Subtle? Not entirely.

“Grandma, how did you know that you wanted to marry Grandpa?” I asked one afternoon.

She thought about it a moment, her eyes wandering toward the rows of old black-and-white photos, images of her as a smiling girl, a bride, a young mother, a grandmother and then a great-grandmother. “You reach a point,” she said, “when you realize that you just don’t want to imagine life without him.”

“You felt that way?” I asked.

“Oh, sure. Besides,” she said, shrugging, “I knew that he could not live without me.”

Finally, on one visit, Grandma put aside even the pretense of subtlety. “How long until he’s done with medical school?” she started in.

“A couple of years,” I answered, knowing what she was really thinking.

Grandma’s eyes went wide. “A couple of years? You’re not going to make him wait that long, are you?”

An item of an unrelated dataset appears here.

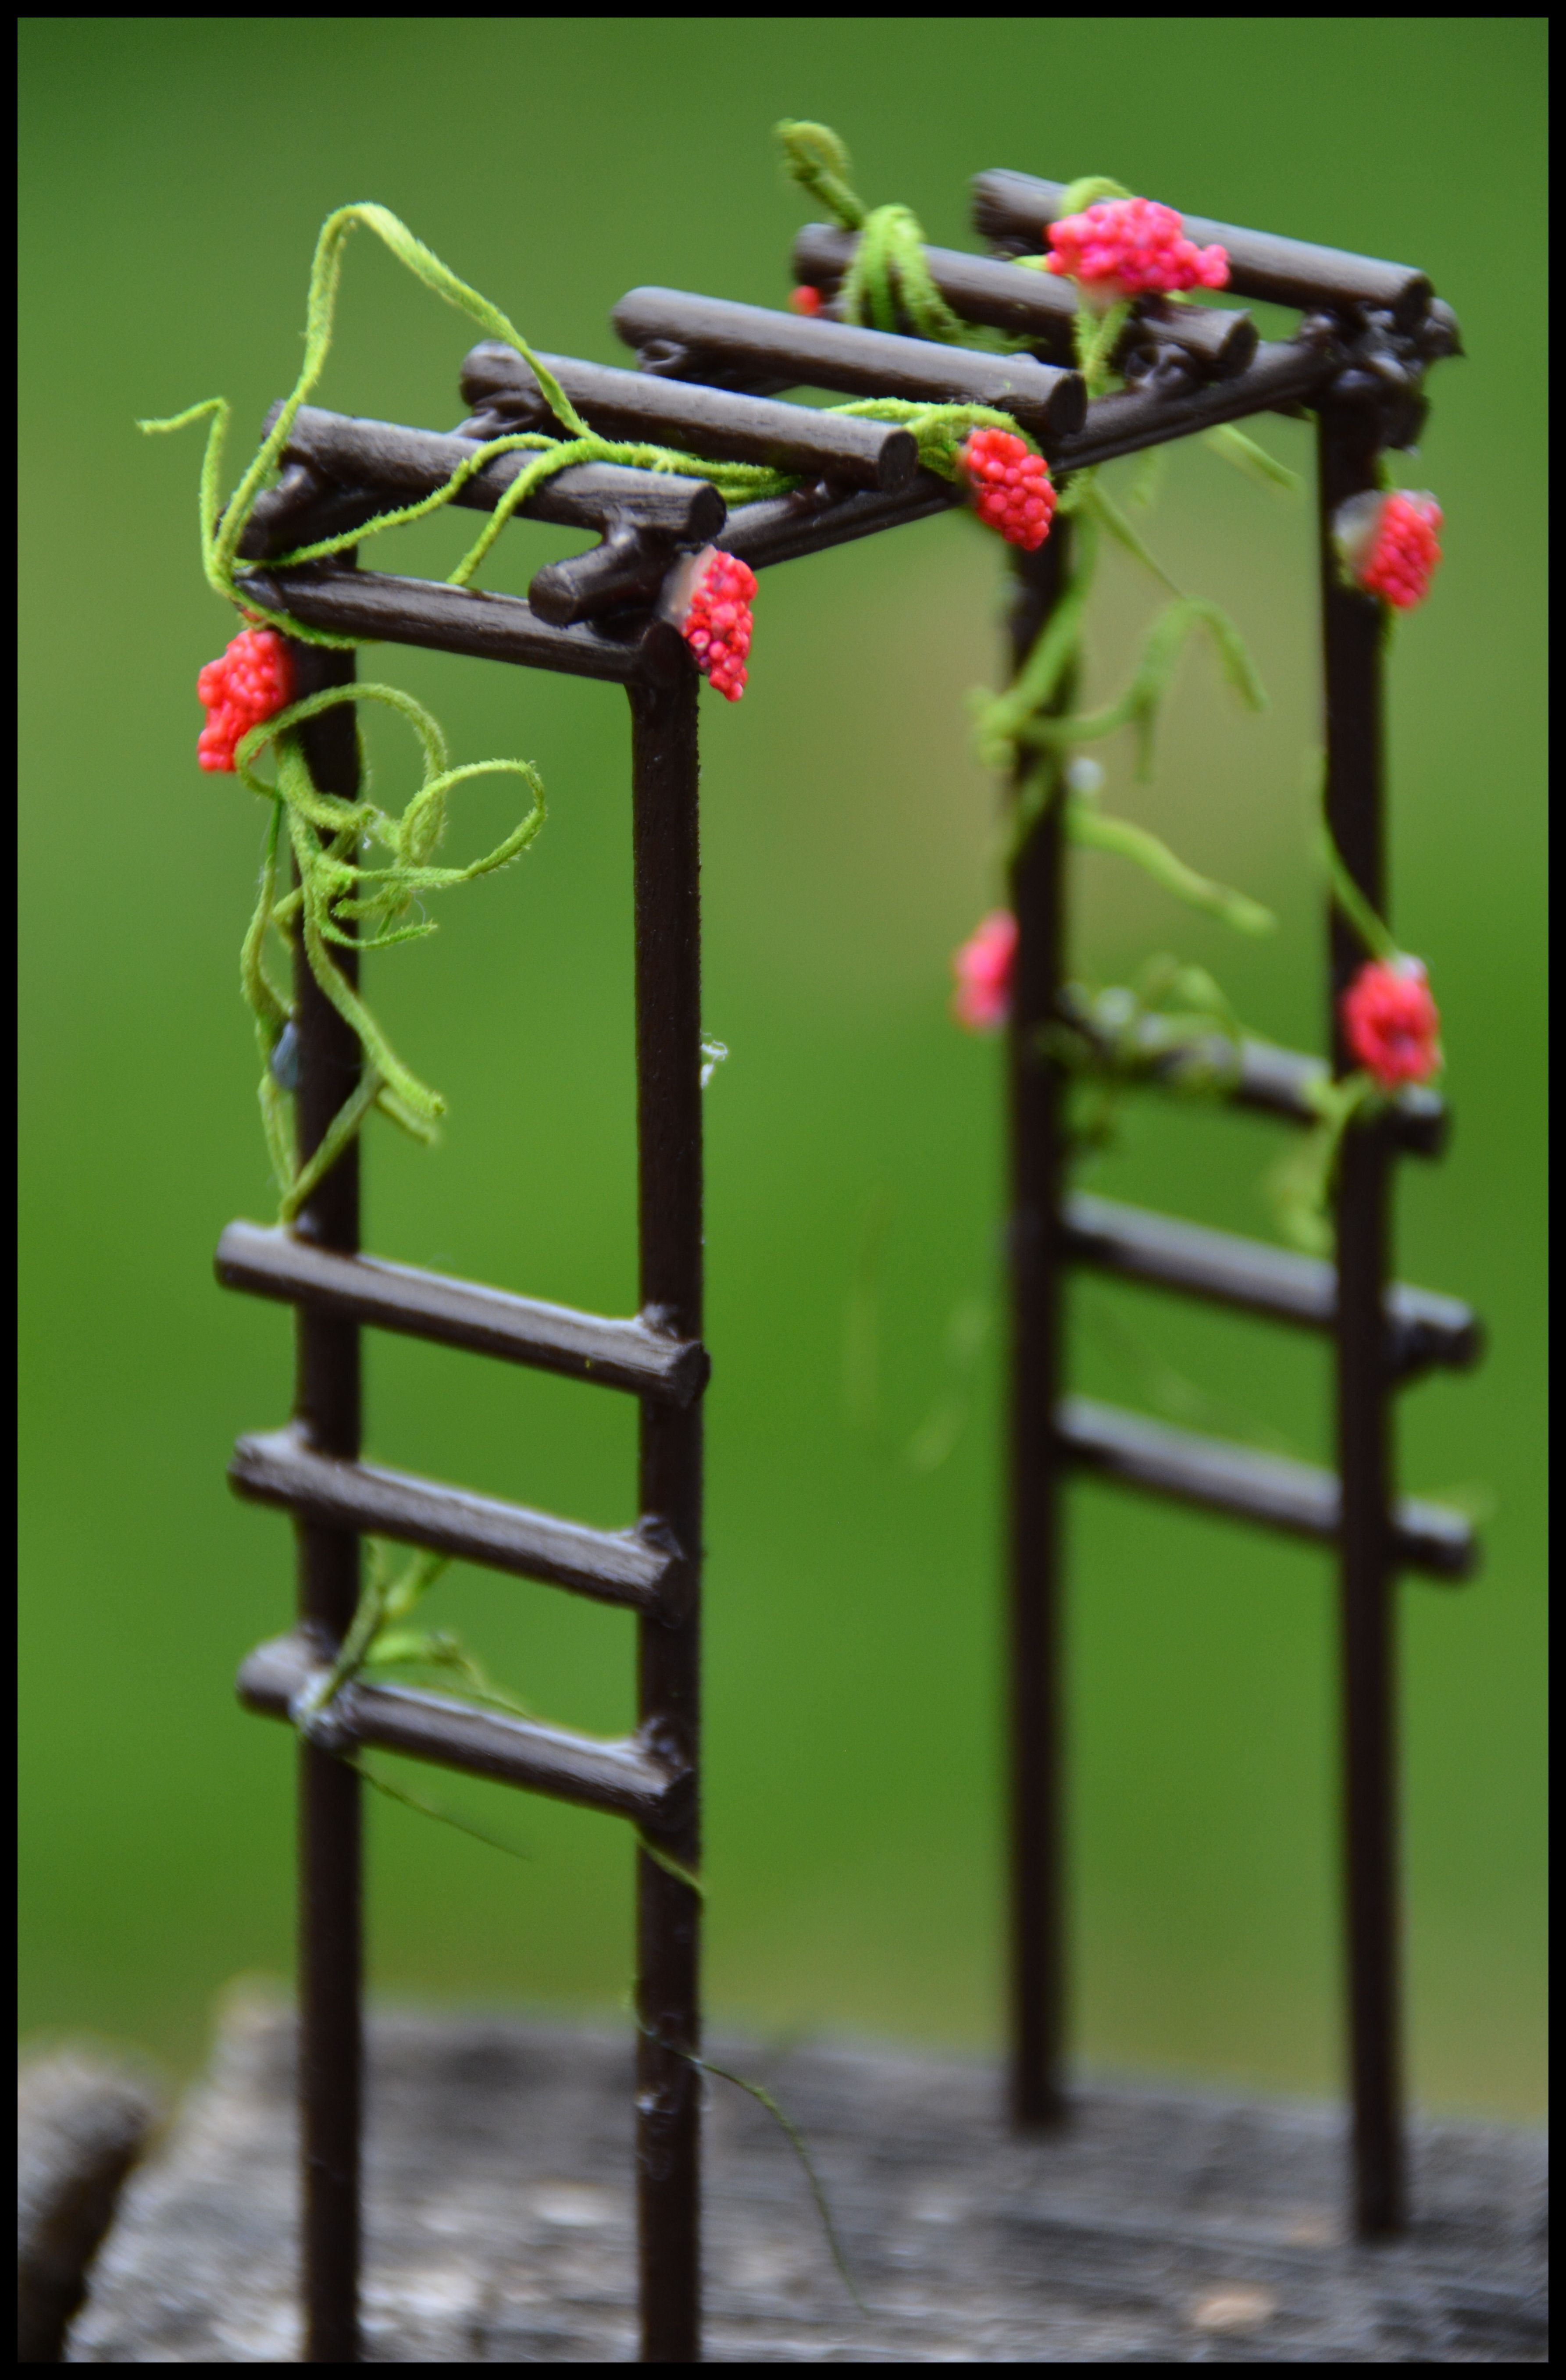 Miniature Faery Garden Trellis I Created From Wood Sticks 400 x 300

“Why not?” I asked. “What’s the rush? We’re so young.”

She knit her hands together, rubbing the crinkled ring finger on which she still wore the small diamond my grandfather had given to her so many decades before. “Alli, when you have a guy like Dave, you have to appreciate what you’ve got. Don’t wait too long. Some other girl might come along who sees how great he is, and he might realize that he’s tired of waiting.”

It sounded quaint and archaic, precisely the type of cautionary advice one might expect from a grandmother who courted and married during the Great Depression, before women had won widespread opportunities for higher education or careers of their own. But even as I chuckled, shrugging the warning aside, I did notice a slight uptick in my pulse.

Someone else? Someone else for Dave? Dave deciding to marry someone other than me? Was such a thing possible? The thought filled me with panic. I didn’t want to think of it. You reach a point when you realize that you just don’t want to imagine life without him.

I didn’t want to imagine a life in which Dave was with anyone but me, or me with anyone but him. I had always just assumed that it would be us. I had always taken it as a given, even as I’d brushed Grandma’s questions and hints aside.

Maybe Grandma was more right than I had realized—maybe with her age and her wisdom she knew something I didn’t. Maybe when it came to choosing a life partner, it was important not to take anything, especially the other person, for granted.

Perhaps Grandma had seen Dave and picked him for me, even before I’d known to pick him for myself. One thing I knew for sure, thanks to Grandma: I realized then that I did want to marry the guy. More than I had admitted to my grandmother—or to myself.